It’s depressingly easy to fall out of step with the rhythm of your life and find yourself a casualty of the modern world and the excesses you probably try to escape by practising yoga in the first place. The same goes with raw food. Many a week would go by when the closest I got to doing downward dog was bending over in the shower to pick up the soap. (There’s a beautiful image.)

Here’s my advise – from one who struggled- to keep up your practise.
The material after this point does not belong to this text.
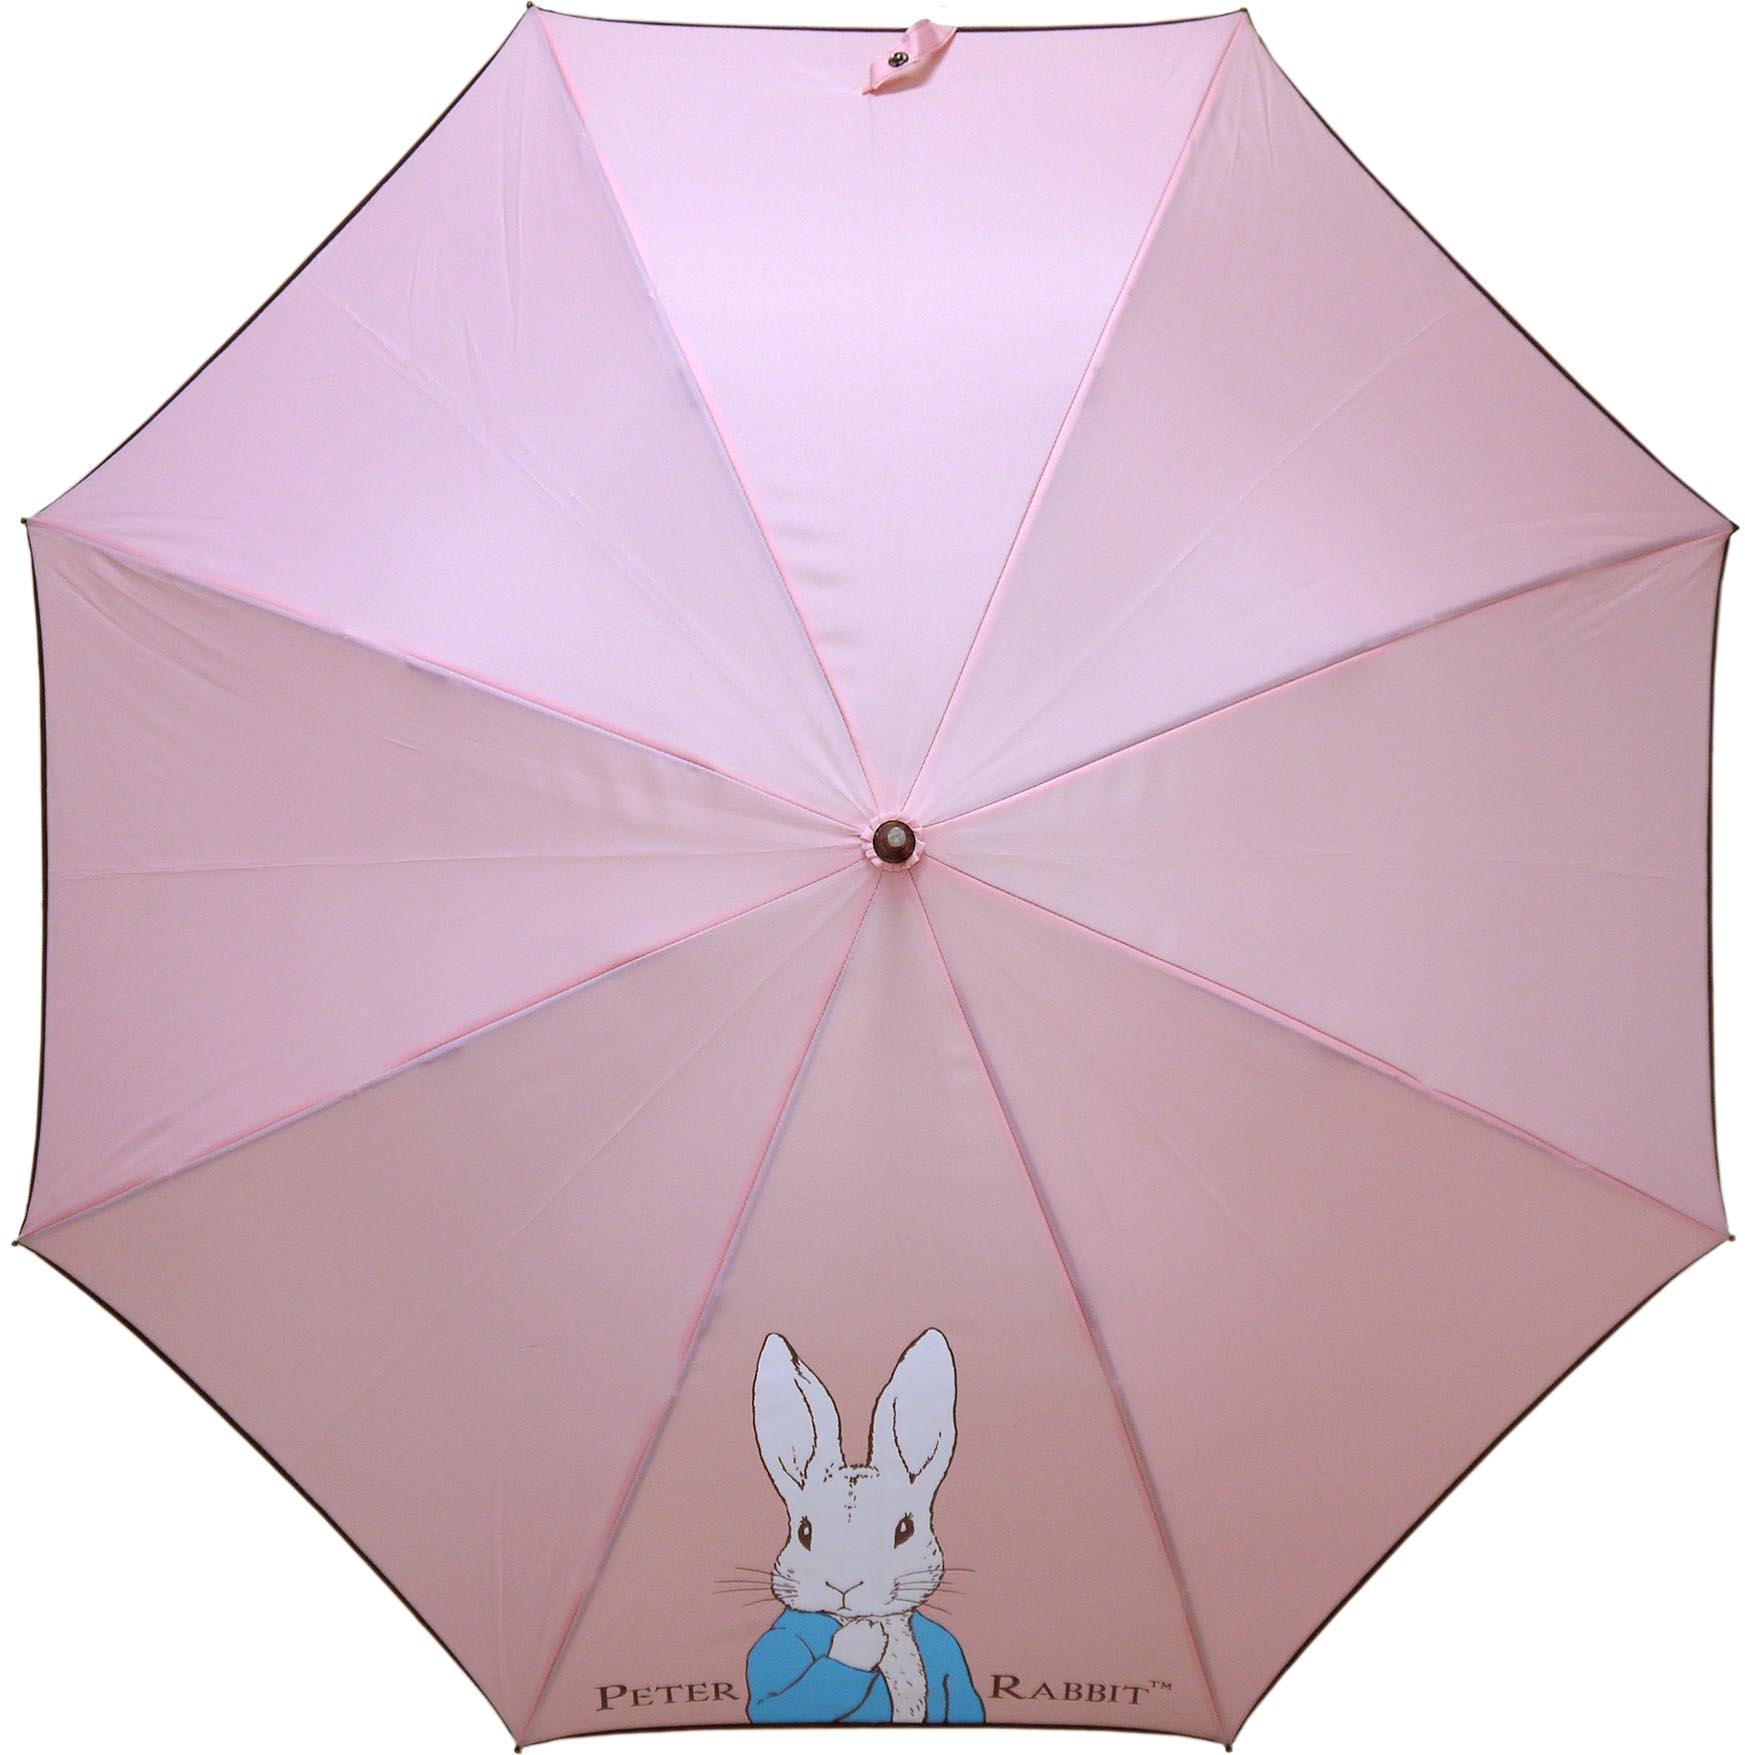 《Annie's Friends》Peter Rabbit 比得兔防曬直傘【典雅粉半身兔】

  1. Try and do a little. Even if you don’t have the room, its raining outside or your pathetic ego is making excuses for you to sit on your swollen buttocks and play about on the internet instead. The internet is not going to nourish you.  Even if you just spend five minutes stretching and forward bending with a five minute meditation, you will feel better about yourself.
  2. Keep it a routine. Practise at the same time everyday or every other day or whatever. Again, even if it is just for a few minutes – at least you’ve touched upon it. Some is better than none at all.
  3. Don’t use lack of space or equipment as an excuse. I’ve yoga’d on rocks wearing trainers or slipped about on the cud or sand trying to get some practise in. I found that using a yoga mat was not really necessary. Sometimes it’s fine to just use what you’ve got. Feet and ground.
  4. Don’t let other people put you off. It might feel embarrassing at first, but if it means you can continue and develop your practise, then fuck everyone else. I’ve yoga’d whilst Neanderthals shouted abusive comments at me. Fuck them. The most spiritual experience they probably ever had was at a football match.
  5. If you can’t do yoga, at least meditate. Most campsites and wildcamp spots we have used had a pretty good spot that was gagging to be meditated on. Rocks on beaches, terraced camping spots, forests and even just in the back of the van. Try to do something to nourish your soul everyday. It will help you feel positive and tranquil and shut off the tedious nagging voices in your head.

It’s very easy when you live in a campervan to give up on eating raw food, yoga and meditation. They become almost like an inconvenience. But your quality of life and mood will invariably be affected after a while.  There is always something you can do. Nothing makes my soul smile more than a good yoga session, raw food, sunshine and the faces of the ones I love. Even if they are a bit hairy.